One thing we’re uncertain of is how far two actions can be from each other before they’re considered different conflicts. For instance, in the first example, sending an e-mail as part of your attempt to break into a database a different way is clearly the same conflict. However, setting up a social scene with their database engineer might not be. I’m inclined to associate the concept of conflict with a film beat. If you have to change locations to film it, it’s probably a separate conflict.

What do you all think? Is this second situation all part of the same conflict because the same stakes are at play? Or is it a second conflict because the goal has shifted from gain electronic access to a database to gain access through someone specific?

For what it’s worth, our alpha playtest with Kit, Austin, Eric D. and Myself went amazingly well. It’s pretty exciting to see an alpha that runs so smoothly on the first go. (We must be learning something!)

  1. Jeremy Keller is also making a cybernoir game called TechNoir. Our Google doc says we’ve been working on Piece of Work since the end of January. In any case, the timing is awkward but I recommend people check out his game. It has a very distinct feel. []

4 responses to “Transparency in Design”

  1. In regards to the film beat issue and is this the same conflict. It depends on how much narrative agency the players are given.

    While a “but… while shooting at me the gunman exposes himself so my Chromed out buddy can get to him” easily continues that conflict. The situation you describe may be a bit more iffy.

    Perhaps to take a page from your coin trick narrative, as well as Con-game movies such as The Sting the usage of  “flashback or cut-scene” oriented narrative to fictionally position your Face chatting up said d-base engineer to get into his cubicle or home office. In effect you are establishing off stage cooperative  action to keep the conflict moving. Then said Face engenders a distraction to allow the Face to open said virus laden e-mail upon receipt of a text from the hacker.    I could see allowing for this kind of narrative “But…” could allow for some truly interesting teammate setups.

    1. Yeah, it’s challenging, because we want to keep the dangers of combat but toss initiative and combat turns and such.
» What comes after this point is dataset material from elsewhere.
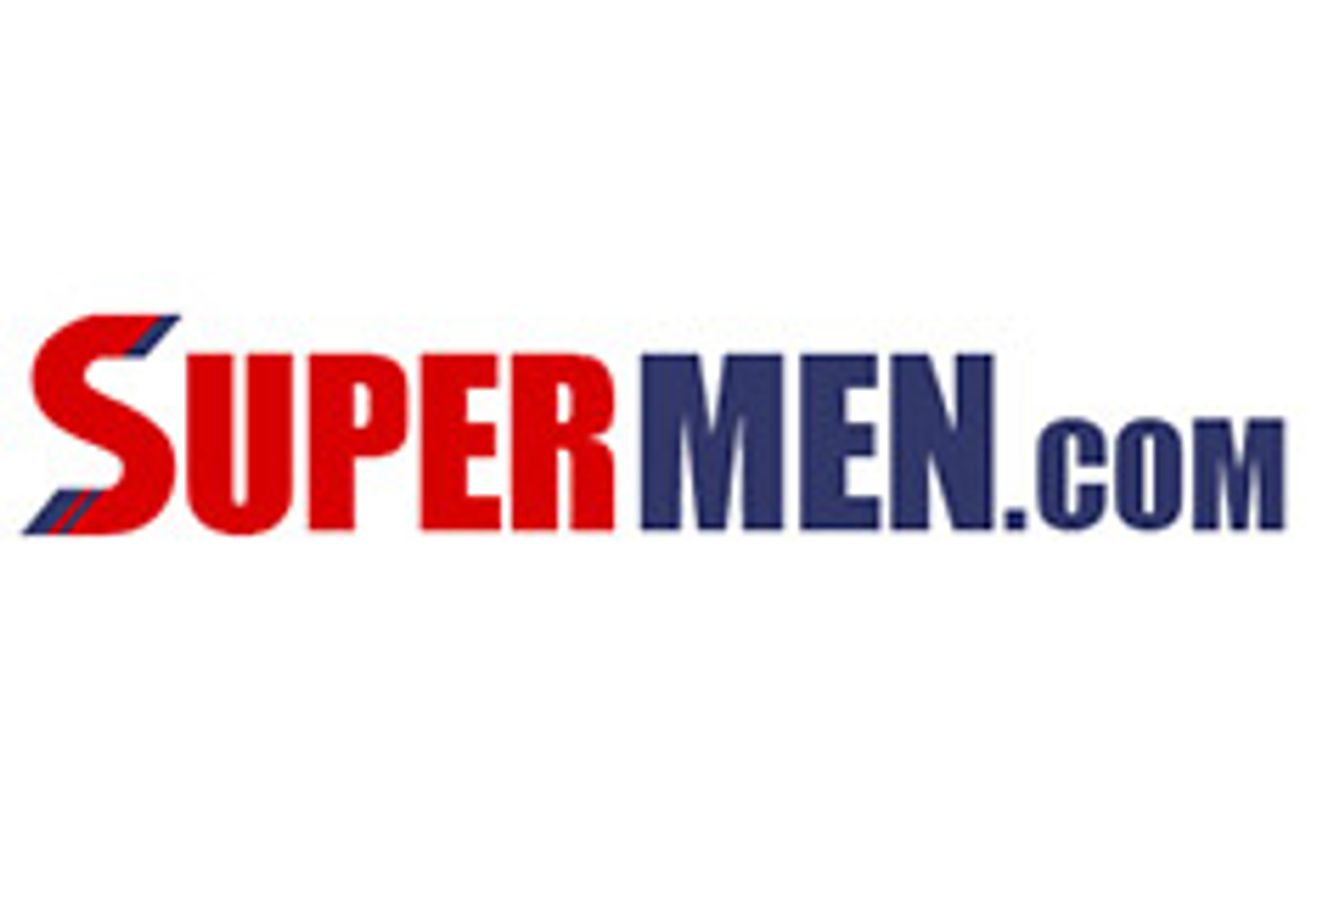 Supermen.com

      I love flashback scenes. But they feel too large scope for what we’re trying to accomplish, which is specifically to have a series of small conflicts that dovetail into each other. If you will, a task-resolution gamer’s conflict system.

      I do like the idea that how interruptible the conflict is can determine whether it’s the same conflict – if it’s possible another issue that’s completely unrelated might come up before the conflict is continued, then you’ve essentially ended the conflict at hand.

  2. I like the idea of the film beat divider and Eric’s comment as well, but I might divide the conflicts in terms of player agency.  As in, any action that is handled by the acting player and a simple die-roll is the same conflict.  So, getting the Face involved is a separate conflict not because of a change in scene or goal, but because while the acting player might set up the meeting, and a die roll might determine if the database engineer shows up, for the meeting to result in actually gaining access to the system is going to depend on the interaction between the Face and the engineer, neither of whom are the acting player, which is potentially too complicated to resolve by die-roll.

    1. Basing it on player agency works except in combat, which is, I admit, a whole ball of issues.

      After having played it once, I can say I really enjoy watching players continue each others conflicts. But as you suggest, complexity also plays a role in whether something is really part of the same conflict. How much, versus interruptibility or stakes, I don’t know.